The manor was bustling in the sunshine. She went first to the barn, where the men were sharpening hoes and sickles in preparation for the summer hay cutting. “The boy Edward?” she asked a tall, red-nosed man. “The small boy who arrived after harvest to help with the threshing, is he still
here?”
The man turned and looked at Alyce. “Forget this Edward, curly top. My name is Mat and I am six times the man he is. Climb up here on this hay
bale and give me a warm, sticky kiss.”
“My hair may be frizzled but my wits are not,” Alyce responded. “Save your sticky kisses for your wife or your cow.”
Alyce left the barn and went next to the smithy, where the manor blacksmith and his apprentices were hammering lumps of iron into shoes for horses. “The boy Edward?” she asked again. Her answer was rude remarks, laughter, and kissing sounds from men too ill-tempered or too busy or too tired to care about the questions of a strange girl.
“The boy Edward?” Alyce asked the kitchen maid skinning a pig in the manor yard, the laundress boiling great kettles of goose fat for soap, the
carpenters fashioning a coffin for Old Ned, who had died that morning.
None answered. “Corpus bones!” said Alyce. “I might as well be asking the fence.”
Finally she found her way to the shed that served as the manor kitchen and there found a cook who, judging from the words pouring forth from her mouth with none to listen, would not be reluctant to talk to Alyce.
“Please, ma’am,” said Alyce, who had learned that ma’ams and sirs served her well even with cooks and stableboys when asking favors. “Please, ma’am, the boy Edward who came after harvest to help with the threshing, is he still here? Have you seen aught of him?”
“Ah, the lamb,” the cook cooed, waving her ladle at Alyce, the little lamb. He be here. But too small he is to be swinging that great heavy flail about or wrestling with the oxen and ploughs and the taunting of the men, so I try to watch over him, the wee duckling, and find him simple tasks to do, suited for a small boy.” The cook sat down, her face red from the heat and emotion and the boiling and stewing going on about her, took off one great leather shoe, and used it to fan her face. She peered closely at Alyce. “Surely then you be the sister he talks about, for you look just like him and
could pass for twins.” The cook muttered and crossed herself. “You not be twins?” she asked Alyce, peering closer. “I cannot abide twins.”
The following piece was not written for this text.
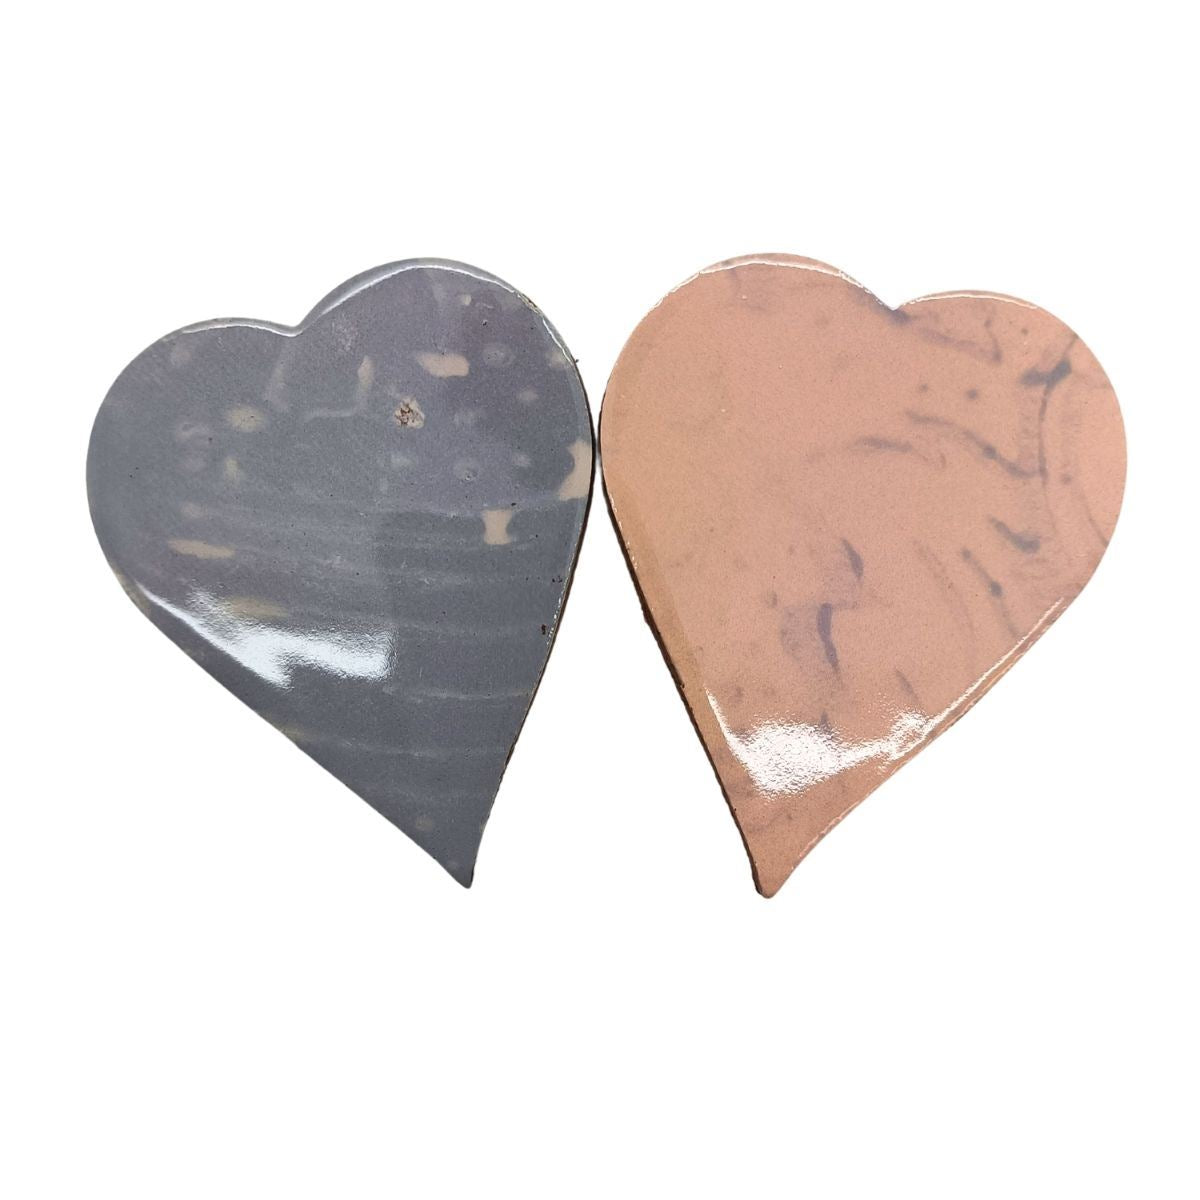 Handmade Shapes - Blush glazed large Hearts: Pack of 2

“No, ma’am. We be not even brother and sister.”
“Ah, never say that, sweet pudding, for you are as alike as two peas. Just so you are not twins.”
“No, ma’am, not twins,” answered Alyce again, wondering why twin cows such as Baldred and Billfrith should be such a joy and a boon while twin babies were ill-starred and unlucky.
“Well, then, my little turnip. Go find your brother in the hen house behind the barn, where I sent him to gather eggs for a parsley omelet. And bring yourselves back here for a dinner of bread and bacon.” The cook wiped her wet red face on her skirt, picked a struggling fly from the great pot of soup she was stirring, and began a new conversation with herself, for she found such talk interesting and hardly ever disagreed with what was said.